視覺化Decision Tree判斷結果 


透過圖形顯示decission tree的決策過程
需要export_graphviz和dot這兩個套件

Install
on ubuntu
#sudo apt-get install graphviz python-pydot

export_graphviz
用法如下
tree.export_graphviz(,out_file=< outpath>,feature_names=< list of feature>)

ex:
import os
from sklearn.datasets import load_iris
iris = load_iris()
from sklearn import tree
clf = tree.DecisionTreeClassifier()
model = clf.fit(iris.data, iris.target)
export_file = tree.export_graphviz( model ,out_file='tree.dot')

refer
http://scikit-learn.org/stable/modules/generated/sklearn.tree.export_graphviz.html#sklearn.tree.export_graphviz

pydot
檢視dot格式,或輸出成圖形 
ex:
dot -Tpng tree.dot -o tree.png


tree.dot格式簡單說明如下  
digraph Tree {
0 [label=”X[13] <= 416.0000ngini = 0.000270672616505nsamples = 100″, shape=”box”] ;
1 [label=”gini = 0.0000nsamples = 7387nvalue = [ 99. 0.]”, shape=”box”] ;
0 -> 1 ;
2 [label=”gini = 0.0000nsamples = 1nvalue = [ 0. 1.]”, shape=”box”] ;
0 -> 2 ;
}
[類別0,類別1]
第13個欄位小於416,會讓99個屬於類別0,1個屬於類別1

…………………………………………………………………………..

Example in simple dataset

#vi dataset
class,packet,traffic
0,1,4
0, 2,3
1, 3 ,2
1, 4 ,1

#vi train.py

import numpy as np
import sys
import os

##############
filepath=sys.argv[1]
f = open(filepath)
dataset = np.loadtxt(f,delimiter=',',skiprows=1)
target=dataset[:,0]
data=dataset[:,1:]

f.seek(0)
listhead=f.readlines()[0].strip().split(',')[1:]

from sklearn import tree
clf = tree.DecisionTreeClassifier()
result = clf.fit(data,target)
tree.export_graphviz(result,out_file=filepath+'_tree.dot',feature_names=listhead)
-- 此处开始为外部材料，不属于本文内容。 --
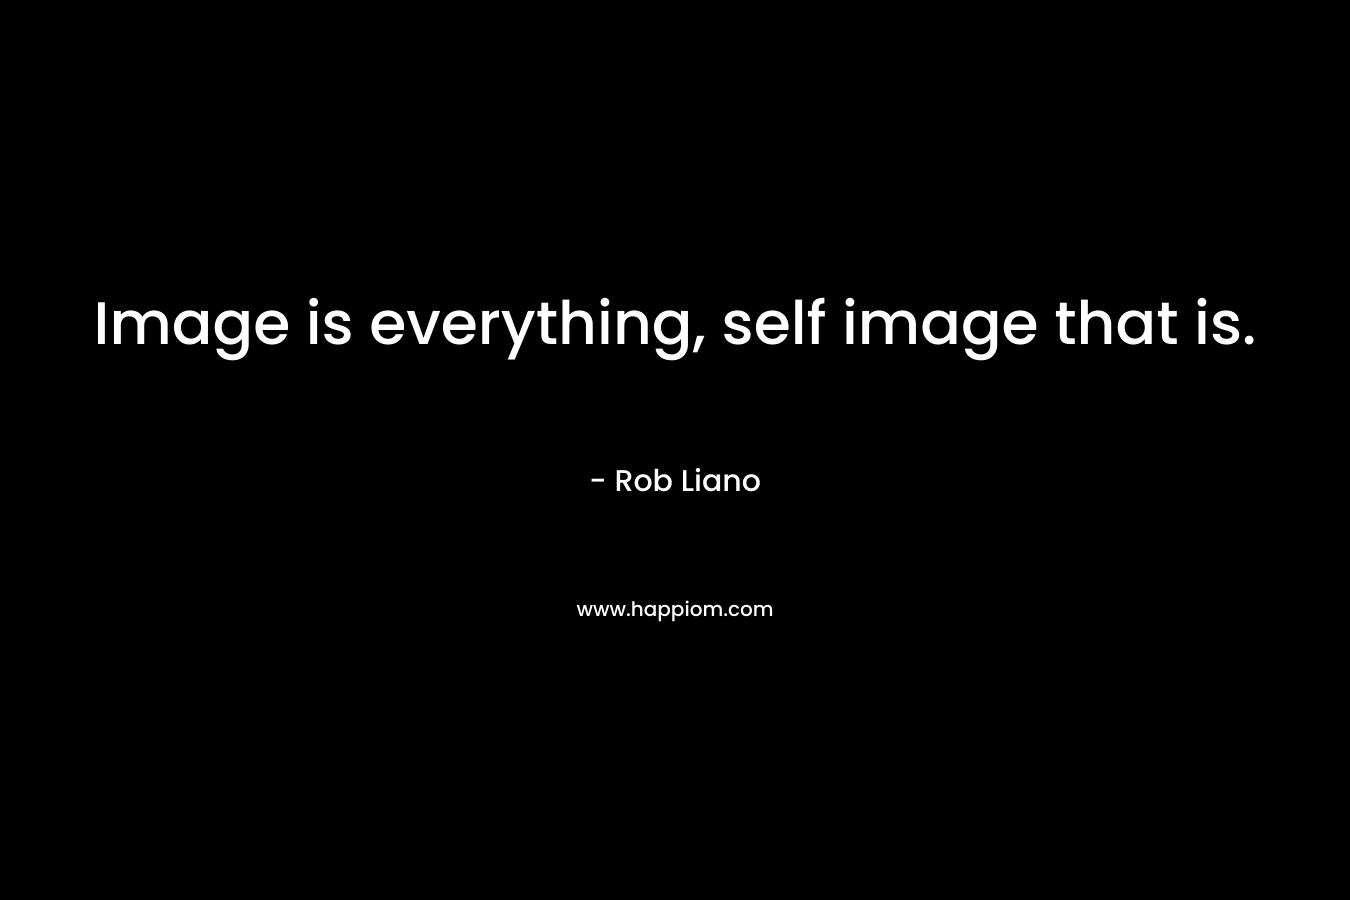 Image is everything, self image that is.
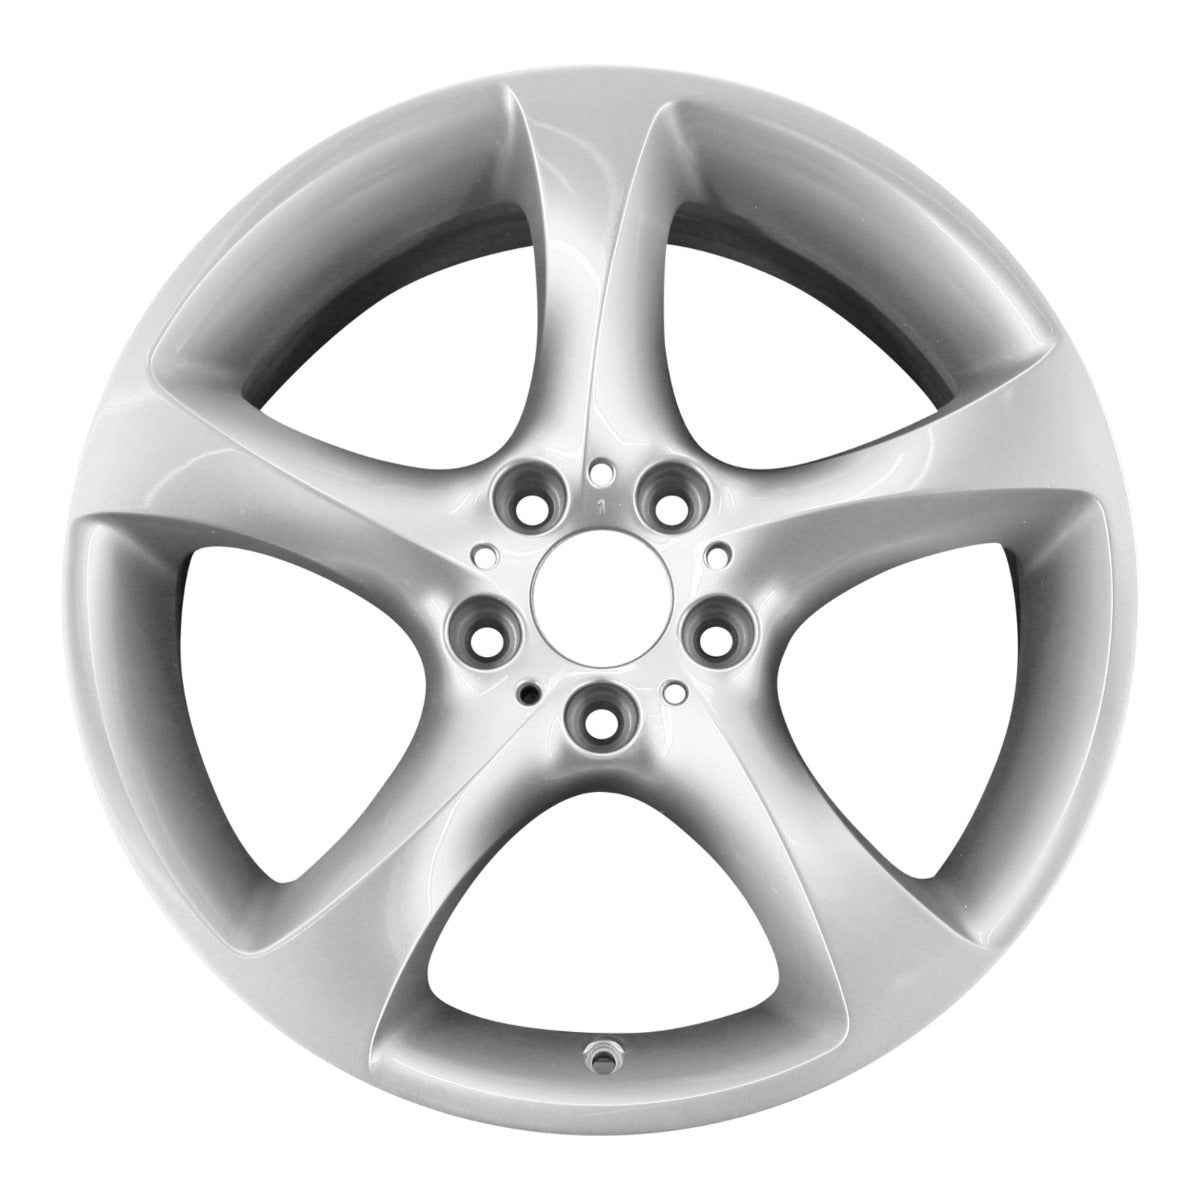 2011 BMW 328i New 19" Front Replacement Wheel Rim Style 230 RW59622S

### list important feature ( result is few different every compute)
importfeature=clf.feature_importances_
dictname=dict()
for name,value in zip(listhead,importfeature):
 dictname[name]=value
dicsorted= sorted(dictname.iteritems(), key=lambda d:d[1], reverse = True)
for line in dicsorted:
 print line